■ Exercise data ■
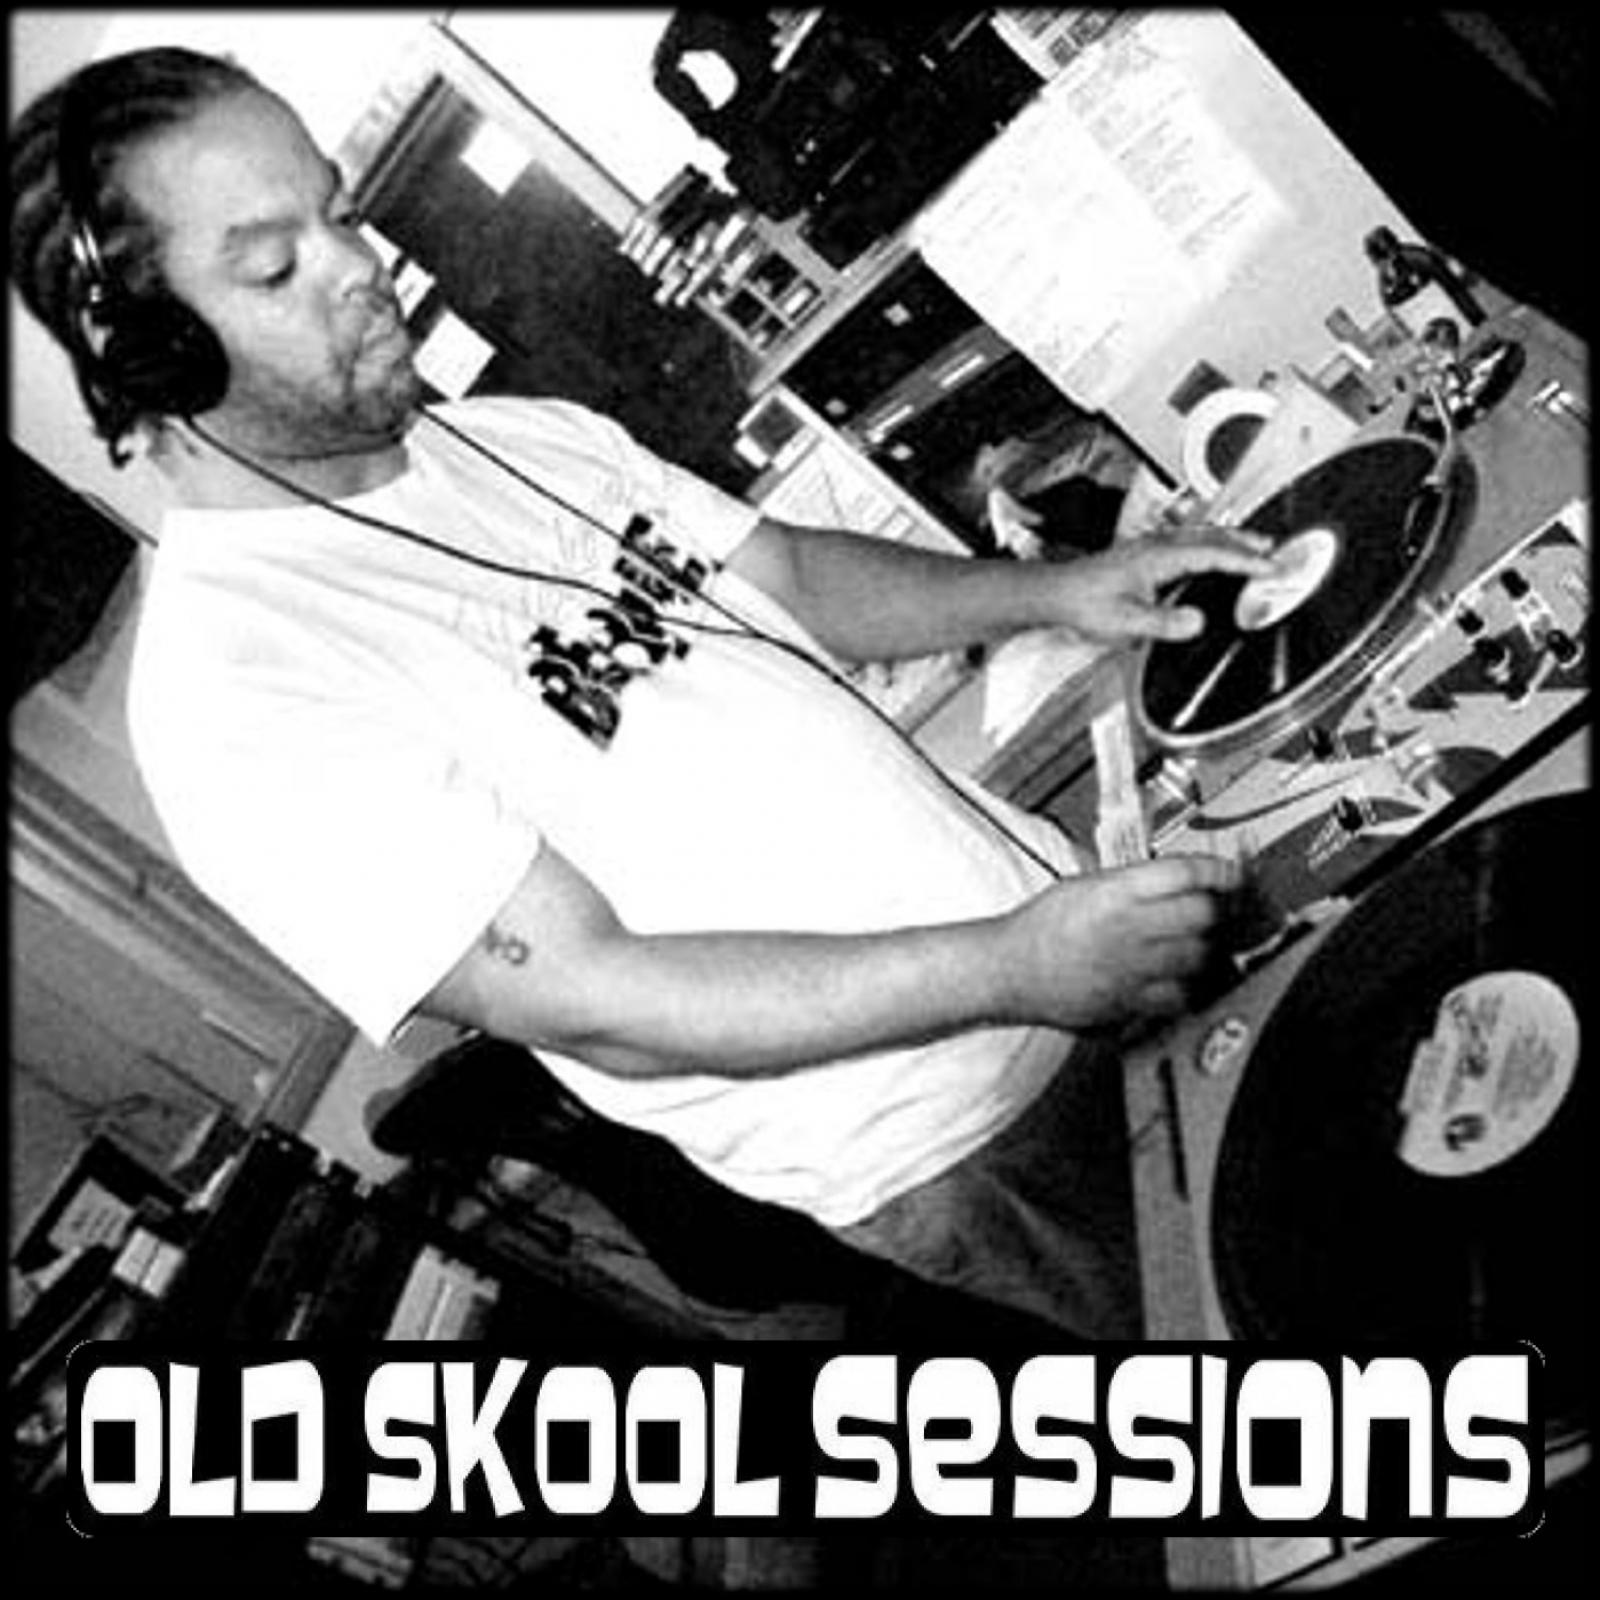 WJFF – Old Skool Sessions
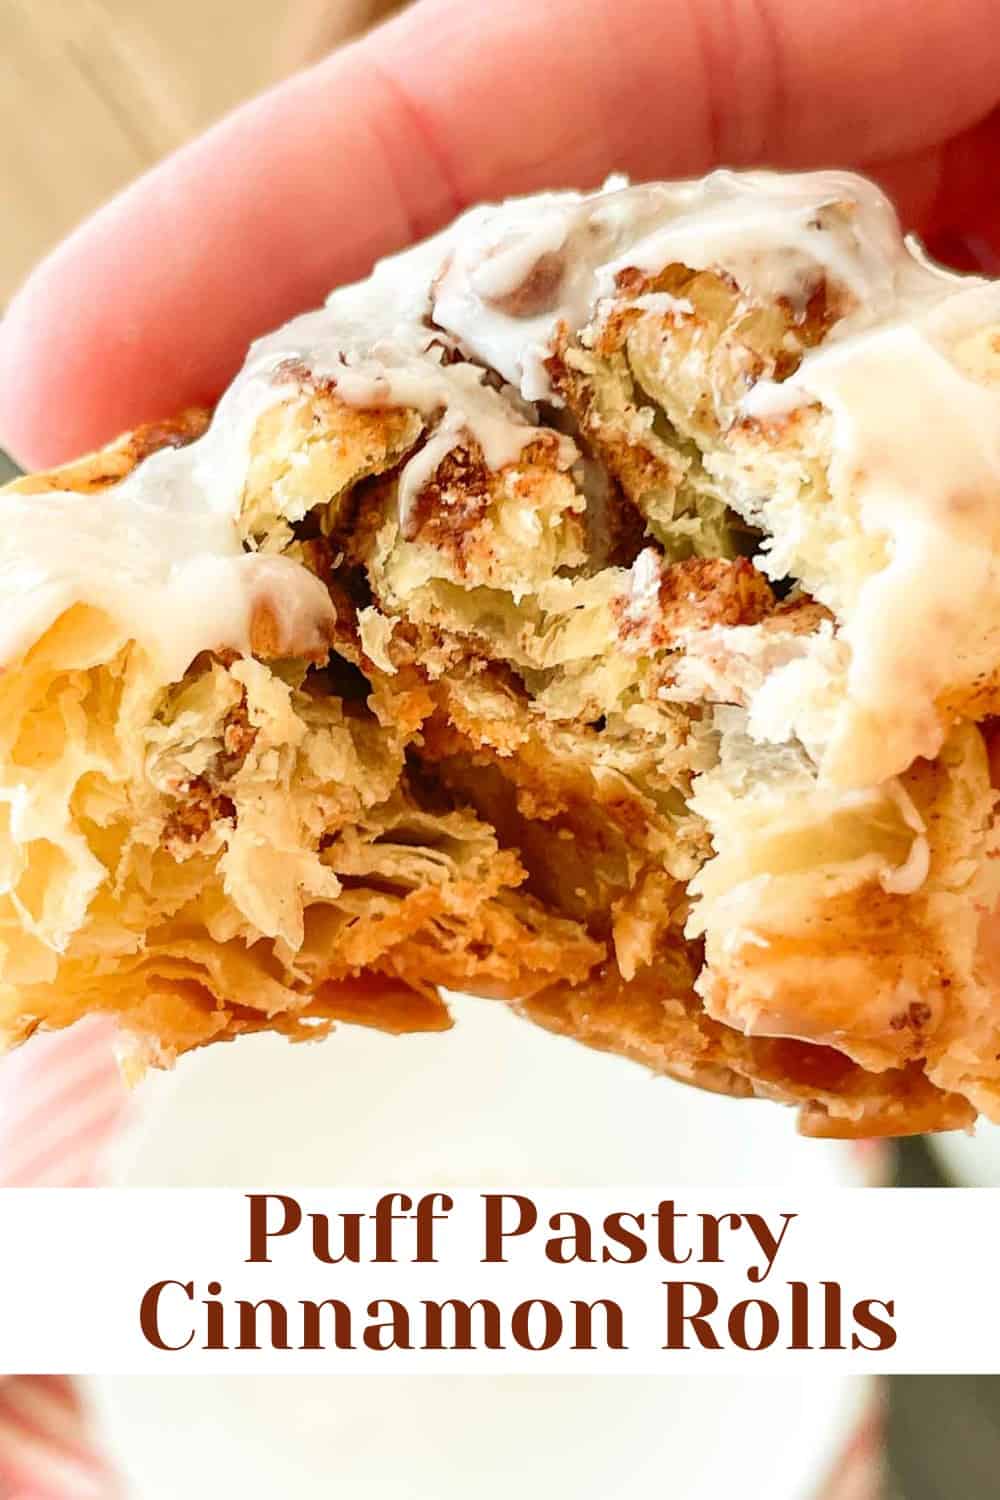 Puff pastry cinnamon rolls.
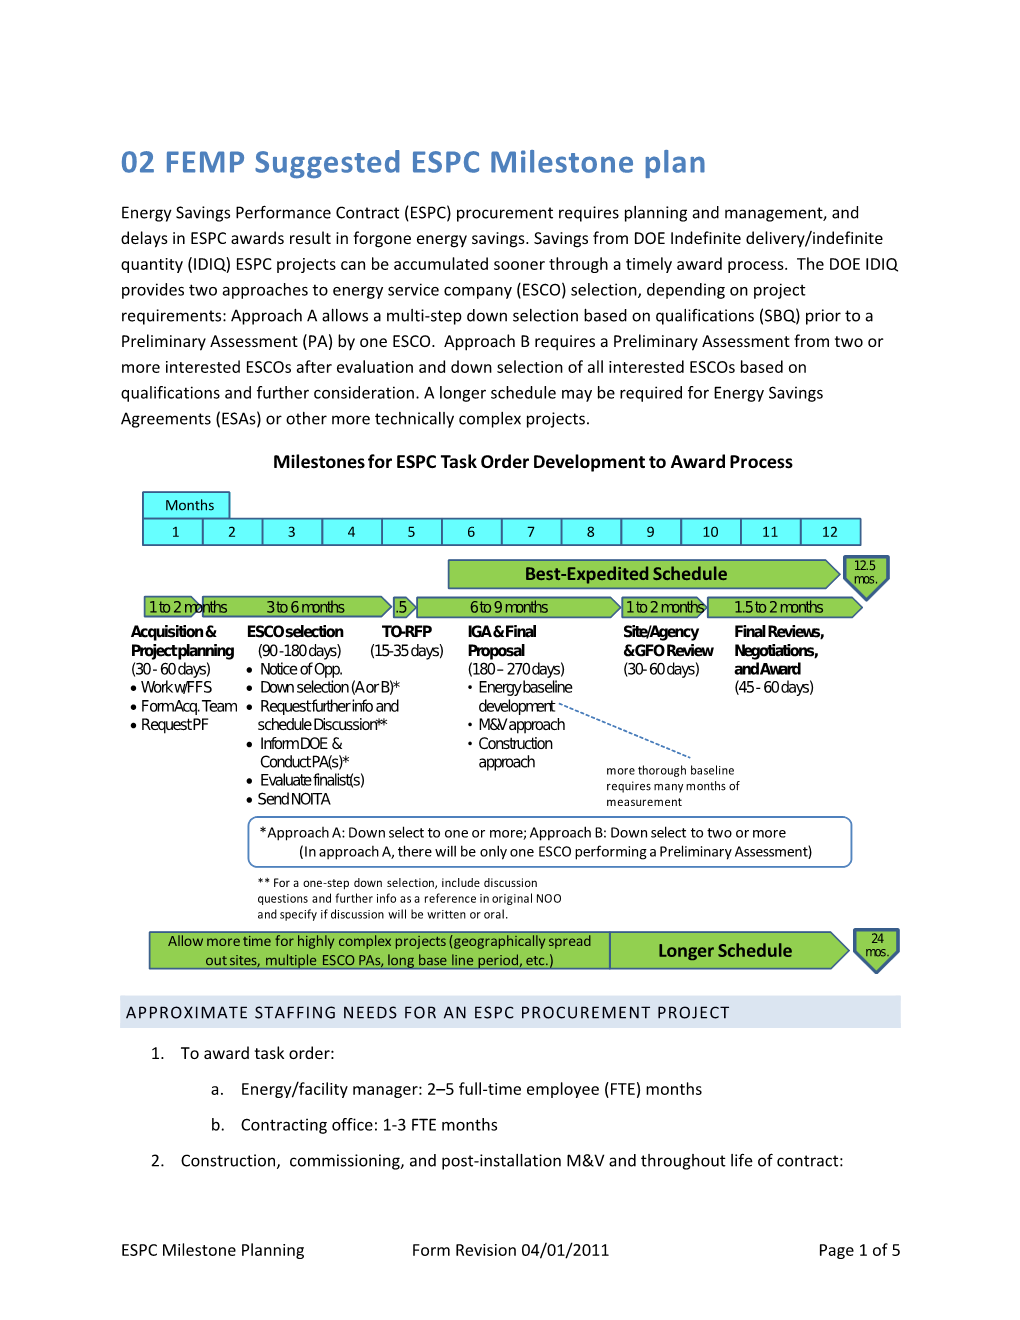 FEMP Suggested Milestone Plan

■ Action item ■
The whole listing should be transcribed exactly, though its pictures must be left out.

■ Result for this task ■
 WJFF – Old Skool Sessions
 Puff pastry cinnamon rolls.
 FEMP Suggested Milestone Plan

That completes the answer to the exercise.